Output: the eigenscores

\{\widehat{\mathbb{s}}_{i}\}_{1\leq i\leq n}

, and the meta-visualization.

We consider visualizing a $p$ -dimensional dataset $\{\mathbb{Y}_{i}\}_{1\leq i\leq n}$ containing $n$ samples. From $\{\mathbb{Y}_{i}\}_{1\leq i\leq n}$ , suppose we obtain a collection of $K$ (candidate) visualizations of the data, produced by various visualization methods. We denote these visualizations as two-dimensional embeddings $\{\mathbb{X}_{i}^{(k)}\}_{1\leq i\leq n}\subset\mathbb{R}^{2}$ for $k\in\{1,2,...,K\}$ . Our approach only needs access to the low-dimensional embeddings $\{\mathbb{X}_{i}^{(k)}\}_{1\leq i\leq n}$ rather than the raw data $\{\mathbb{Y}_{i}\}_{1\leq i\leq n}$ ; as a result, the users can use our method even if they don’t have access to the original data, which is often the case.

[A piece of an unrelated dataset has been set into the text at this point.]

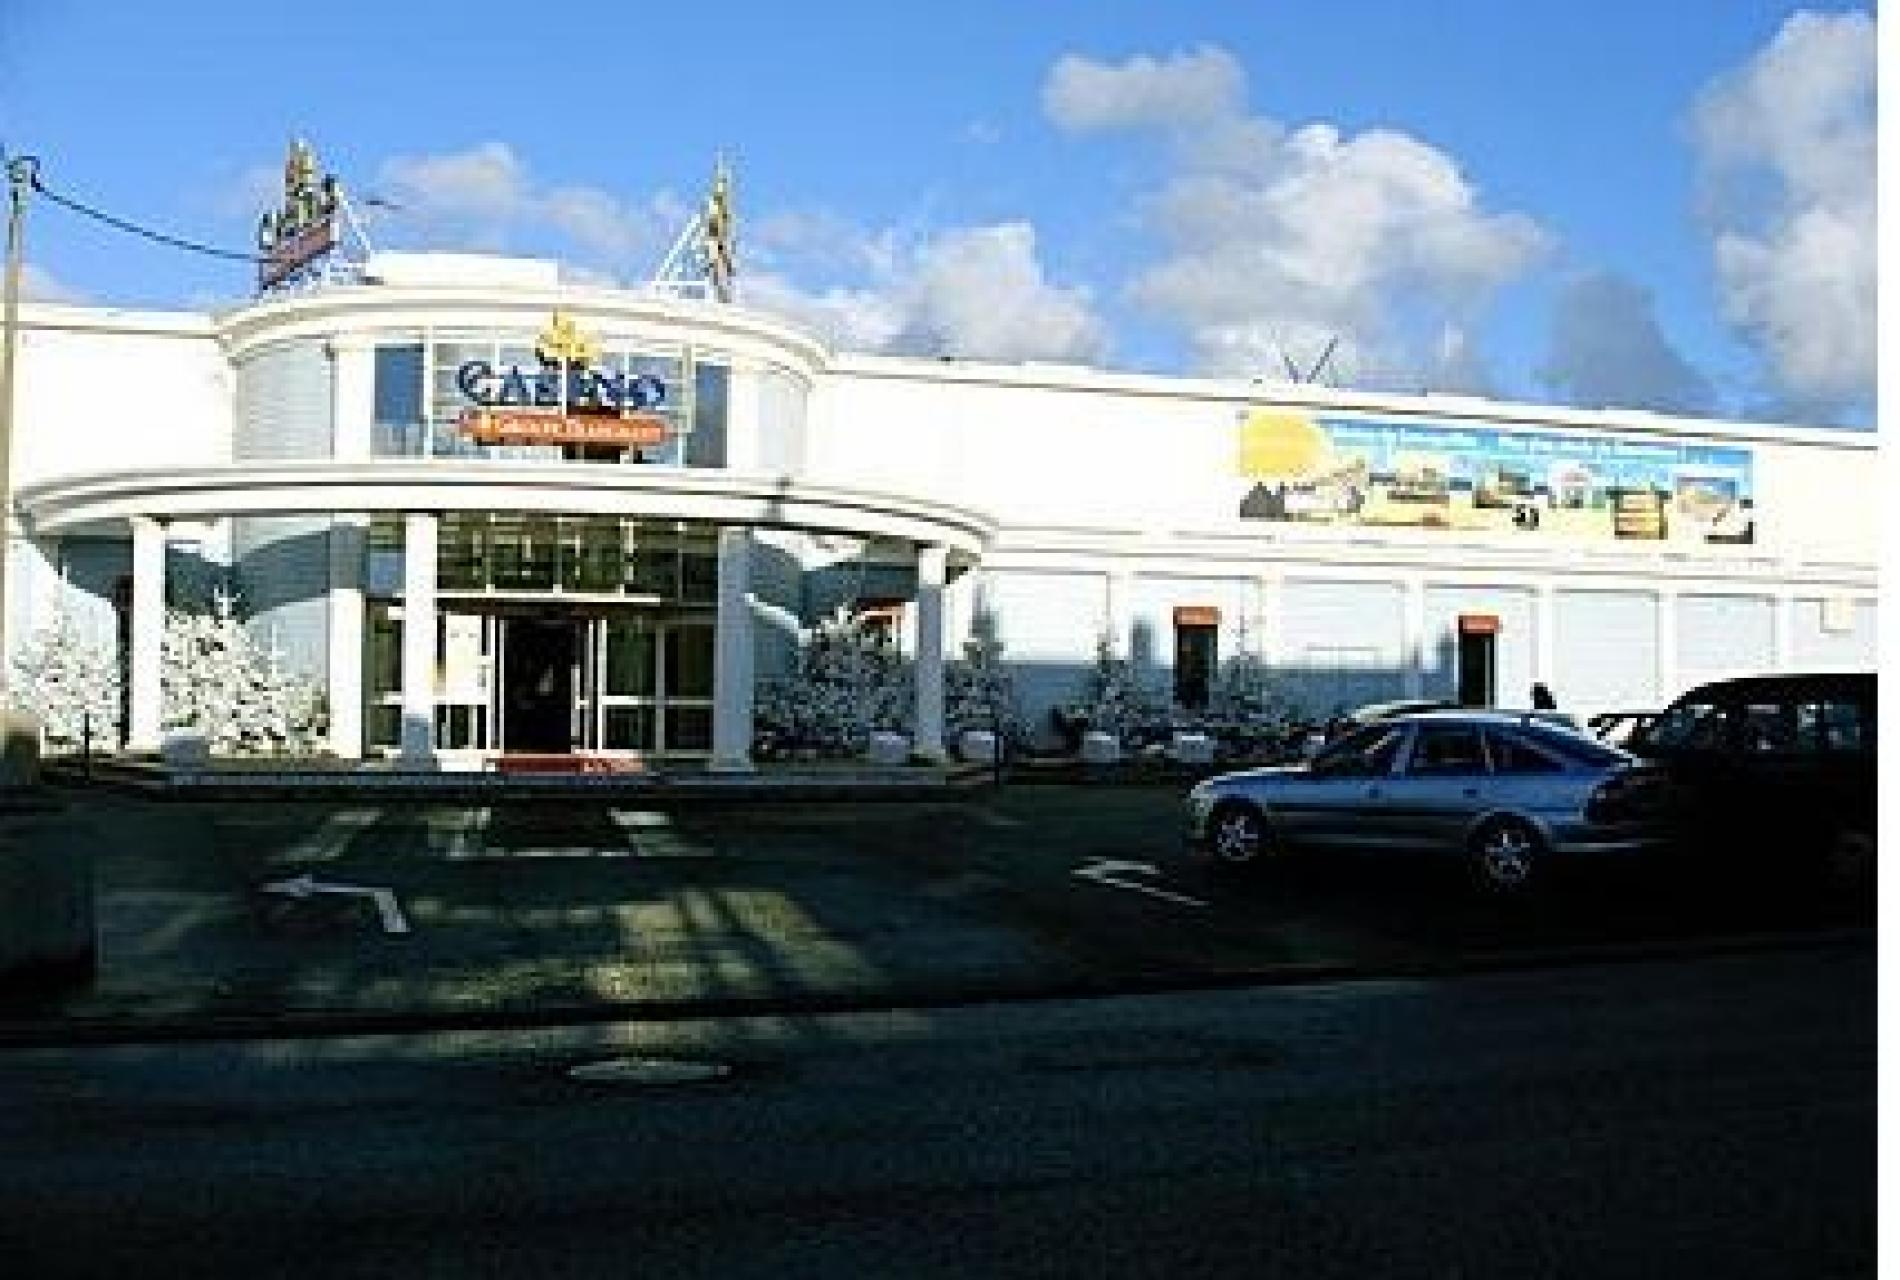 Casino De Luc sur Mer

2.1.1 Measuring Normalized Distances From Each Visualization

In order that the proposed method is invariant to the respective scale and coordinate basis (i.e., directionality) of the low-dimensional embeddings generated from different visualization method, we start by considering the normalized pairwise-distance matrix for each visualization.

Specifically, for each $k\in\{1,2,...,K\}$ , we define the normalized pairwise-distance matrix

\bar{\mathbb{P}}^{(k)}=[\mathbb{D}^{(k)}]^{-1}\mathbb{P}^{(k)}\in\mathbb{R}^{n\times n},

(2.5)

where

\mathbb{P}^{(k)}=(\|\mathbb{X}^{(k)}_{i}-\mathbb{X}^{(k)}_{j}\|_{2})_{1\leq i,j\leq n}\in\mathbb{R}^{n\times n},

(2.6)

is the un-normalized Euclidean distance matrix, and $\mathbb{D}^{(k)}=\text{diag}(\|\mathbb{P}^{(k)}_{1.}\|_{2},\|\mathbb{P}^{(k)}_{2.}\|_{2},...,\|\mathbb{P}^{(k)}_{n.}\|_{2})$ is a diagonal matrix with its diagonal entries being the $\ell_{2}$ -norms of the rows $\{\mathbb{P}^{(k)}_{1.},...,\mathbb{P}^{(k)}_{n.}\}$ of $\mathbb{P}^{(k)}$ . As a result, the normalized distance matrix $\bar{\mathbb{P}}^{(k)}$ has its rows being unit vectors, and is invariant to any scaling and rotation of the visualization $\{\mathbb{X}_{i}^{(k)}\}_{1\leq i\leq n}$ .

The normalized distance matrices $\{\bar{\mathbb{P}}^{(k)}\}_{1\leq k\leq K}$ summarize the candidate visualizations in a compact and efficient way. Their scale- and rotation-invariance properties are particularly useful for comparing visualizations produced by distinct methods.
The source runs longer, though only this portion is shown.